Это не означает, что морлаки отличаются благонравием: природа и климат способствуют разврату. Магистраты[13], убежденные в этой истине, установили штрафы за покушение на целомудрие, размеры которых, однако, не превосходят того, что дает в Венеции щедрый распутник существам, торгующим смертным грехом в общественных местах.
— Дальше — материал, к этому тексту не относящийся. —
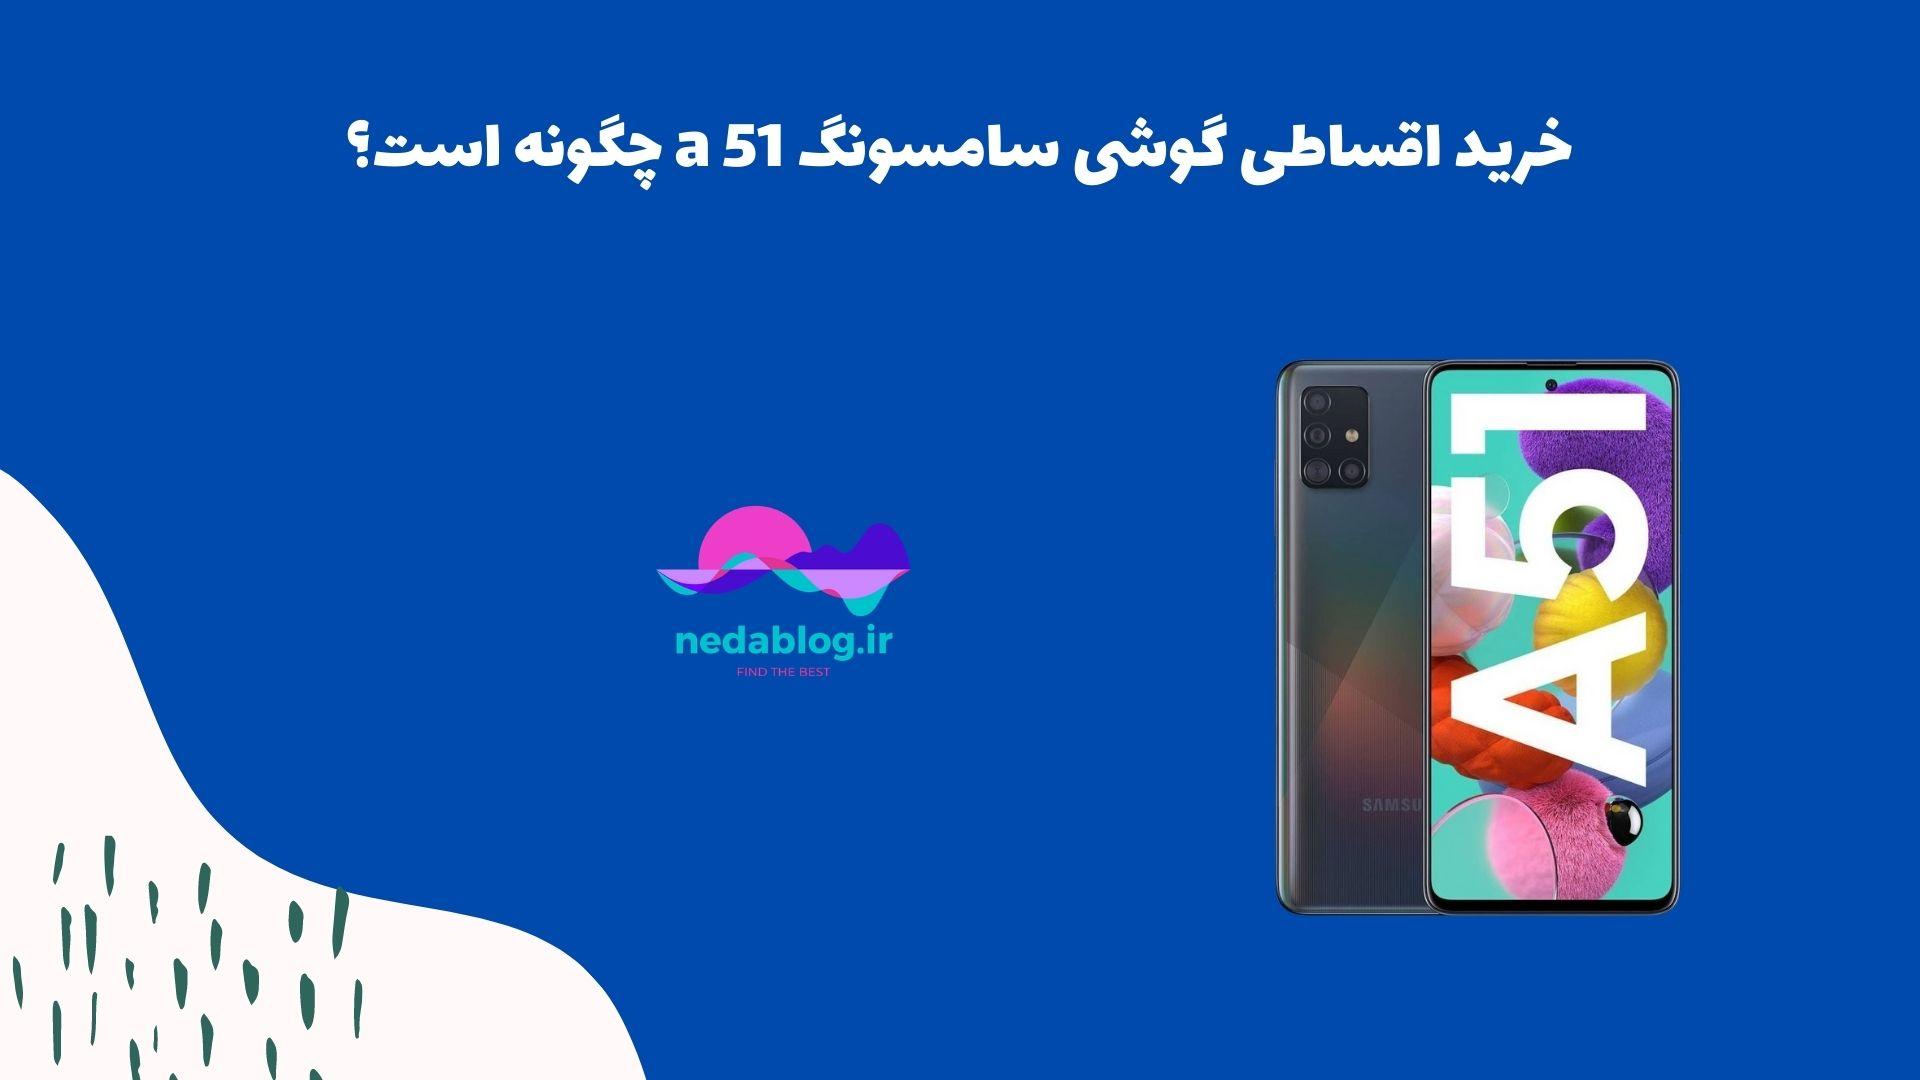 خرید اقساطی گوشی سامسونگ a51 چگونه است؟
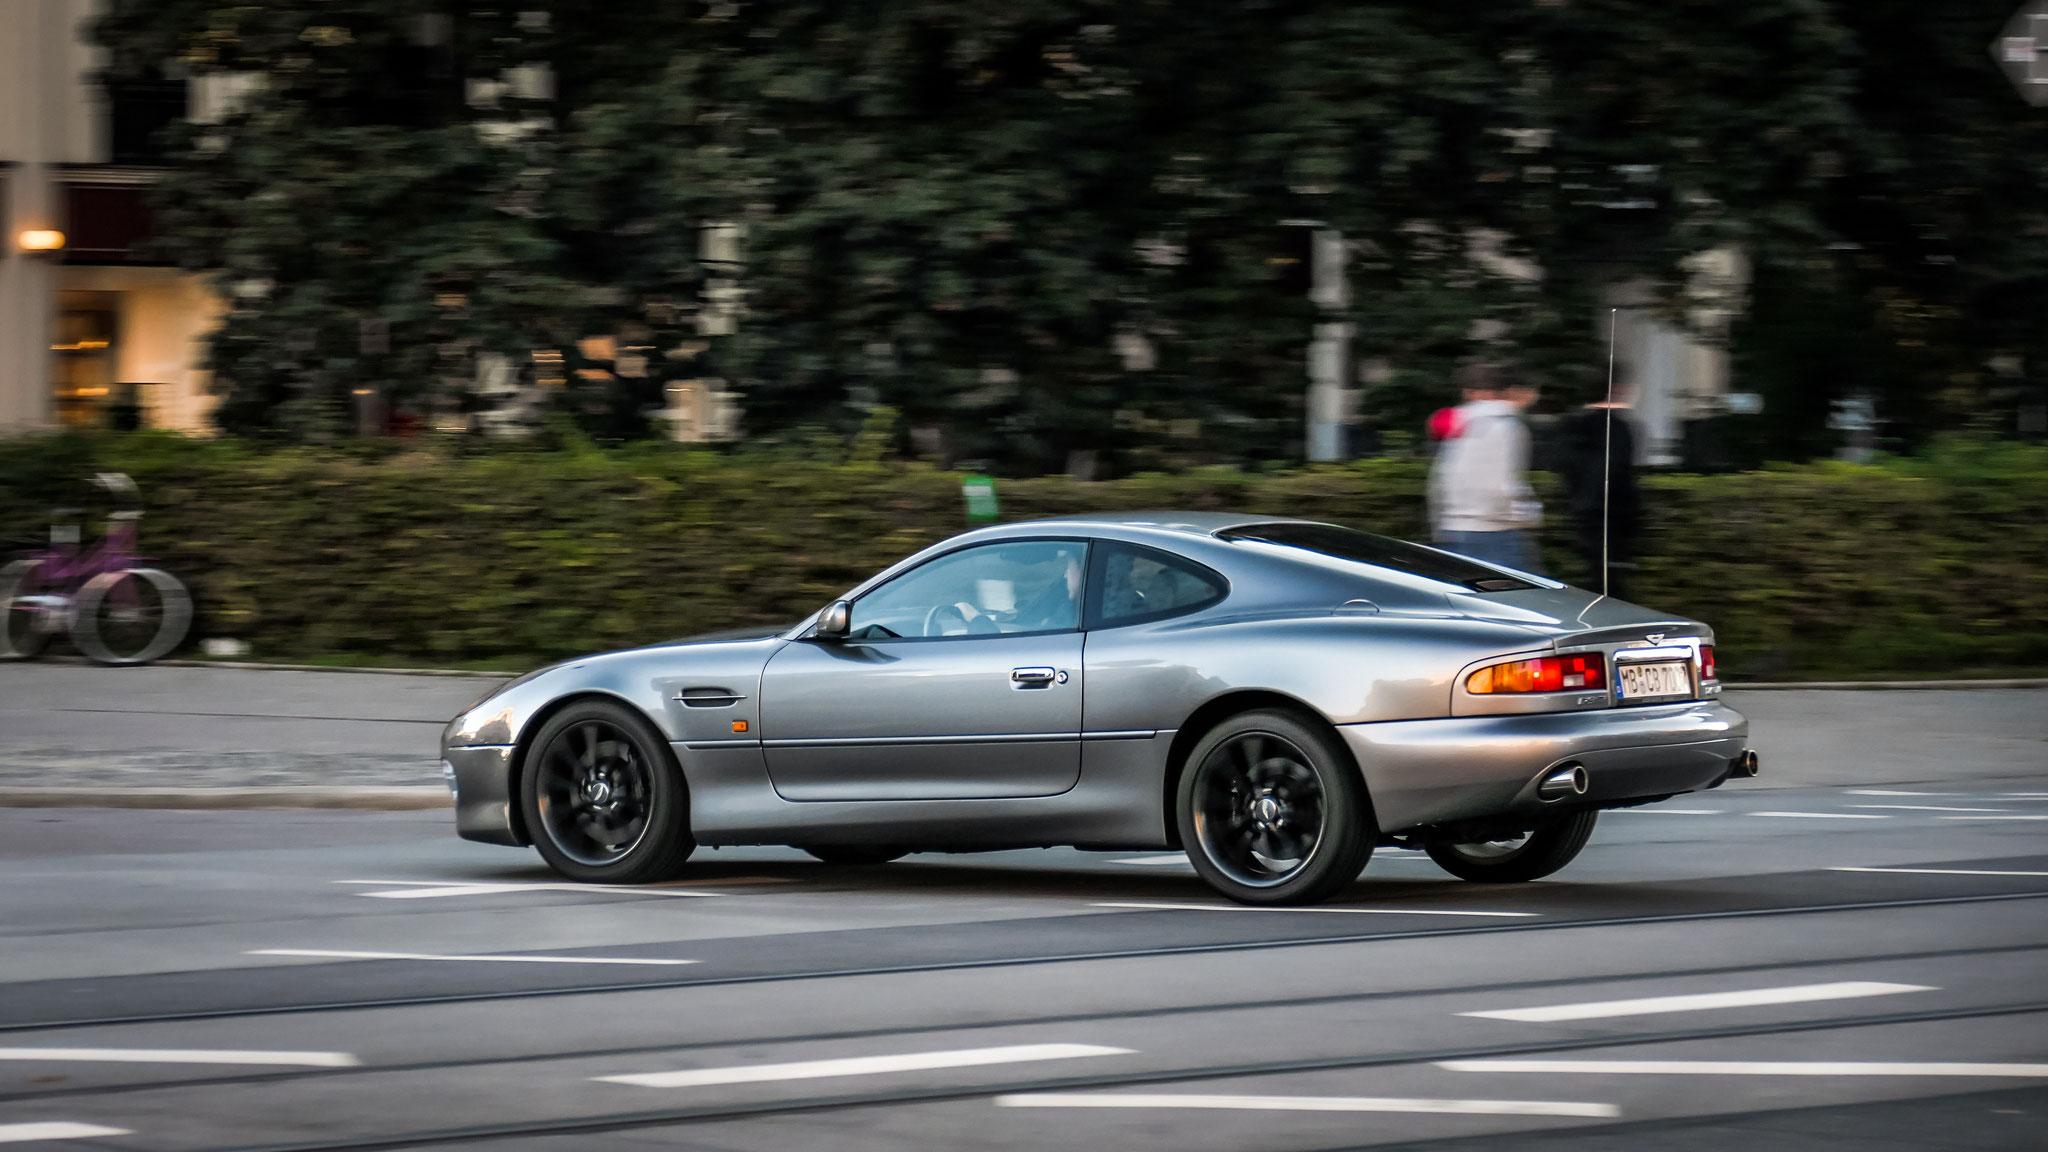 Aston Martin DB7 - MB-CB-7007

В Далмации женщины красивы, несмотря на проглядывающую в их формах тенденцию принимать несколько мужские очертания. Пигмалионы, что захотели бы воспользоваться мылом и песком, чтобы отмыть и оттереть тамошних представительниц прекрасного пола, нашли бы превосходные ожившие статуи. Из деликатесных продуктов питания морлакам знакомы лишь чеснок и лук. Их земля только и ждет, чтобы произвести эти сельскохозяйственные продукты в изобилии, но морлак предпочитает ждать чеснока и лука из Романьи, а когда его упрекают за лень, он отвечает: «Мои предки никогда не сажали чеснока или лука на наших полях, как же вы ждёте этого от меня?». Эти люди не желают подчиняться к духу коммерции. Мужественные обитатели островов занимаются рыболовством, многие морлаки – опытные охотники. В Заре мы ели недорогую и превосходную дичь, рыбу в изобилии, однако эти продукты поступали на рынок нерегулярно, в зависимости от прихоти местных жителей, отправлявшихся охотиться и рыбачить, когда имелось настроение, а не тогда, когда возникала потребность в их услугах. Дичь появлялась в день поста, а рыба – в воскресенье, сваленная в мешки небрежно и неаккуратно.

В меня бросили бы камень, если бы я не написал, что эта страна должна была бы быть богатой и плодородной, как равнины Апулии, но начинать надо с культуры местных жителей, необходимо убедить этих варваров сменить ненависть, злобу и дух пиратства на сдержанность, чувство долга, любовь к труду и промышленности. Это мое мнение, очевидно, слишком смело, поскольку возбудило немало гнева и презрения, так что я не скажу больше ни слова и покорно вернусь к своим легкомысленным стихам.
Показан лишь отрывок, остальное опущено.